## YOUR TASK
Each line from the opening of the records that follow to the line with "Et får står" needs to be written out exactly. Add nothing.

(Items from a dataset)

◆ ◆ ◆ ◆ ◆

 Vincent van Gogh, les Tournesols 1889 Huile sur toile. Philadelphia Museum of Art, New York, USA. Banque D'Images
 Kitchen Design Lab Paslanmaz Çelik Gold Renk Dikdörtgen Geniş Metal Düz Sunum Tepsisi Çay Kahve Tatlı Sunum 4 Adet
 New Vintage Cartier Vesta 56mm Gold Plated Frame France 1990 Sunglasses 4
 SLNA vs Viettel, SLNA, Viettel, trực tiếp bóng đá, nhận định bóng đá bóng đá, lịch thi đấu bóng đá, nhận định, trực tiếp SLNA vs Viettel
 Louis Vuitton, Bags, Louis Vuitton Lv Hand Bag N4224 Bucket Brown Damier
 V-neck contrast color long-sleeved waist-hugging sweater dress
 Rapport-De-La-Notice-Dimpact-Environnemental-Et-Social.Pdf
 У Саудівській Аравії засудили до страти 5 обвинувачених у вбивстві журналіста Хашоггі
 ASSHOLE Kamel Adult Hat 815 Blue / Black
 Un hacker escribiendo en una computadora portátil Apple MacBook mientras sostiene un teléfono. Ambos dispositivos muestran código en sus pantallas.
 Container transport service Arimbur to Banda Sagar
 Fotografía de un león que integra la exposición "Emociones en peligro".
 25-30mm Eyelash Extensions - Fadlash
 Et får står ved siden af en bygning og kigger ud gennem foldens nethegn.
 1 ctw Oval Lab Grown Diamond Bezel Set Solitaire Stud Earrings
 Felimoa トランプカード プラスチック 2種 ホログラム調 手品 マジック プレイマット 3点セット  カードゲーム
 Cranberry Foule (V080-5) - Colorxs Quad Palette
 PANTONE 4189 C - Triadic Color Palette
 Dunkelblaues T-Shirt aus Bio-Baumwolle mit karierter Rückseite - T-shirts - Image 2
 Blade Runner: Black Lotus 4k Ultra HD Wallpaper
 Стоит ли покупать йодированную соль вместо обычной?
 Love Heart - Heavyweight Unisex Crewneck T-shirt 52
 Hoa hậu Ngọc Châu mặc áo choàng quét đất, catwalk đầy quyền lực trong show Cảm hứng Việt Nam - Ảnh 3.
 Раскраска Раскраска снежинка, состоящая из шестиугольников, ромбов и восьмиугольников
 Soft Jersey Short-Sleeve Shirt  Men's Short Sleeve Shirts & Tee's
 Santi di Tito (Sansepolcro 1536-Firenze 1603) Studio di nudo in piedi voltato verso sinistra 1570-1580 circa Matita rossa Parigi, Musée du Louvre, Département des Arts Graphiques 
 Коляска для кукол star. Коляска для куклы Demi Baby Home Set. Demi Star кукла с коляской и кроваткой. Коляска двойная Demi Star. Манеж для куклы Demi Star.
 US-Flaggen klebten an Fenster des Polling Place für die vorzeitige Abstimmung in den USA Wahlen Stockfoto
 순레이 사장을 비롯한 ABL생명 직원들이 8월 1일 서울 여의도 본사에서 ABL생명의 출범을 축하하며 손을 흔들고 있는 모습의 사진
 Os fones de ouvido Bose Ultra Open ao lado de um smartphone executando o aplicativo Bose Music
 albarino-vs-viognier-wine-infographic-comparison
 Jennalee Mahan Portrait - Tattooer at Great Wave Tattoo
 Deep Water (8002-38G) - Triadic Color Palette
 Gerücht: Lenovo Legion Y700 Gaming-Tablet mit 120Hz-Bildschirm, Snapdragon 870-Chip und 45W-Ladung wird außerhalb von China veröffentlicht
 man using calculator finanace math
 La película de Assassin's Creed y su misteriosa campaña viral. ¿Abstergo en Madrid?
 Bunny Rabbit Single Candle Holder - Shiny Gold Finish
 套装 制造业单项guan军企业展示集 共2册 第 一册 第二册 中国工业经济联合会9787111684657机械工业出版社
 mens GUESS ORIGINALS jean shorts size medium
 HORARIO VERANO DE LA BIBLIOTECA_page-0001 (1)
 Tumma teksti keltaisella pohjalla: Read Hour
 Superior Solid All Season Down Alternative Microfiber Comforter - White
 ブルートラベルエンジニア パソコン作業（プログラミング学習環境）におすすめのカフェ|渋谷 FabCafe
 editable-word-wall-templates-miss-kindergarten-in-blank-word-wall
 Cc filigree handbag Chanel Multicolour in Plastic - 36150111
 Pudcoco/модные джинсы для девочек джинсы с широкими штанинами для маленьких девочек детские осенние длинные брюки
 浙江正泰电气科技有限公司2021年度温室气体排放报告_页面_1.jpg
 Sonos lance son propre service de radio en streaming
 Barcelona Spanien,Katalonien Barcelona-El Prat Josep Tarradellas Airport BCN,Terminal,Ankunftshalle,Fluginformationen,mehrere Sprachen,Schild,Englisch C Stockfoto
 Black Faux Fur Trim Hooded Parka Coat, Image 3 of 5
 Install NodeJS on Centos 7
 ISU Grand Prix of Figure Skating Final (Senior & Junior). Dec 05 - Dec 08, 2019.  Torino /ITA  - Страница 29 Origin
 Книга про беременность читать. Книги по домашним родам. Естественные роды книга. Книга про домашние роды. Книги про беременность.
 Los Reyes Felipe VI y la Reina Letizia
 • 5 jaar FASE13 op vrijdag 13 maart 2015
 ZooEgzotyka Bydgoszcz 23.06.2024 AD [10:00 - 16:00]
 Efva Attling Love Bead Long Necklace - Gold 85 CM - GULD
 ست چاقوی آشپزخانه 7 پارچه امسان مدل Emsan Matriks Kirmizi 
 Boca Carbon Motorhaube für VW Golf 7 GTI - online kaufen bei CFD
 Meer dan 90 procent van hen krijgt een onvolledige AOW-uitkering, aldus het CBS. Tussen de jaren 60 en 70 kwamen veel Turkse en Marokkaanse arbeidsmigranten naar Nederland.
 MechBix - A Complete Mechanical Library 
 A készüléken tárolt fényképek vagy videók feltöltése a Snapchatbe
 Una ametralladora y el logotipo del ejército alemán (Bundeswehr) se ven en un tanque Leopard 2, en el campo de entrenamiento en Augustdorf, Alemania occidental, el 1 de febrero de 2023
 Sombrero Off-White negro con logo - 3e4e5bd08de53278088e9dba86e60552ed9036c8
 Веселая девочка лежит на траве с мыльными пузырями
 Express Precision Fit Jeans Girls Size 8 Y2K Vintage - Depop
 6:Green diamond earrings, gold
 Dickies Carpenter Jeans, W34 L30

◆ ◆ ◆ ◆ ◆

## RESPONSE BELOW
 Vincent van Gogh, les Tournesols 1889 Huile sur toile. Philadelphia Museum of Art, New York, USA. Banque D'Images
 Kitchen Design Lab Paslanmaz Çelik Gold Renk Dikdörtgen Geniş Metal Düz Sunum Tepsisi Çay Kahve Tatlı Sunum 4 Adet
 New Vintage Cartier Vesta 56mm Gold Plated Frame France 1990 Sunglasses 4
 SLNA vs Viettel, SLNA, Viettel, trực tiếp bóng đá, nhận định bóng đá bóng đá, lịch thi đấu bóng đá, nhận định, trực tiếp SLNA vs Viettel
 Louis Vuitton, Bags, Louis Vuitton Lv Hand Bag N4224 Bucket Brown Damier
 V-neck contrast color long-sleeved waist-hugging sweater dress
 Rapport-De-La-Notice-Dimpact-Environnemental-Et-Social.Pdf
 У Саудівській Аравії засудили до страти 5 обвинувачених у вбивстві журналіста Хашоггі
 ASSHOLE Kamel Adult Hat 815 Blue / Black
 Un hacker escribiendo en una computadora portátil Apple MacBook mientras sostiene un teléfono. Ambos dispositivos muestran código en sus pantallas.
 Container transport service Arimbur to Banda Sagar
 Fotografía de un león que integra la exposición "Emociones en peligro".
 25-30mm Eyelash Extensions - Fadlash
 Et får står ved siden af en bygning og kigger ud gennem foldens nethegn.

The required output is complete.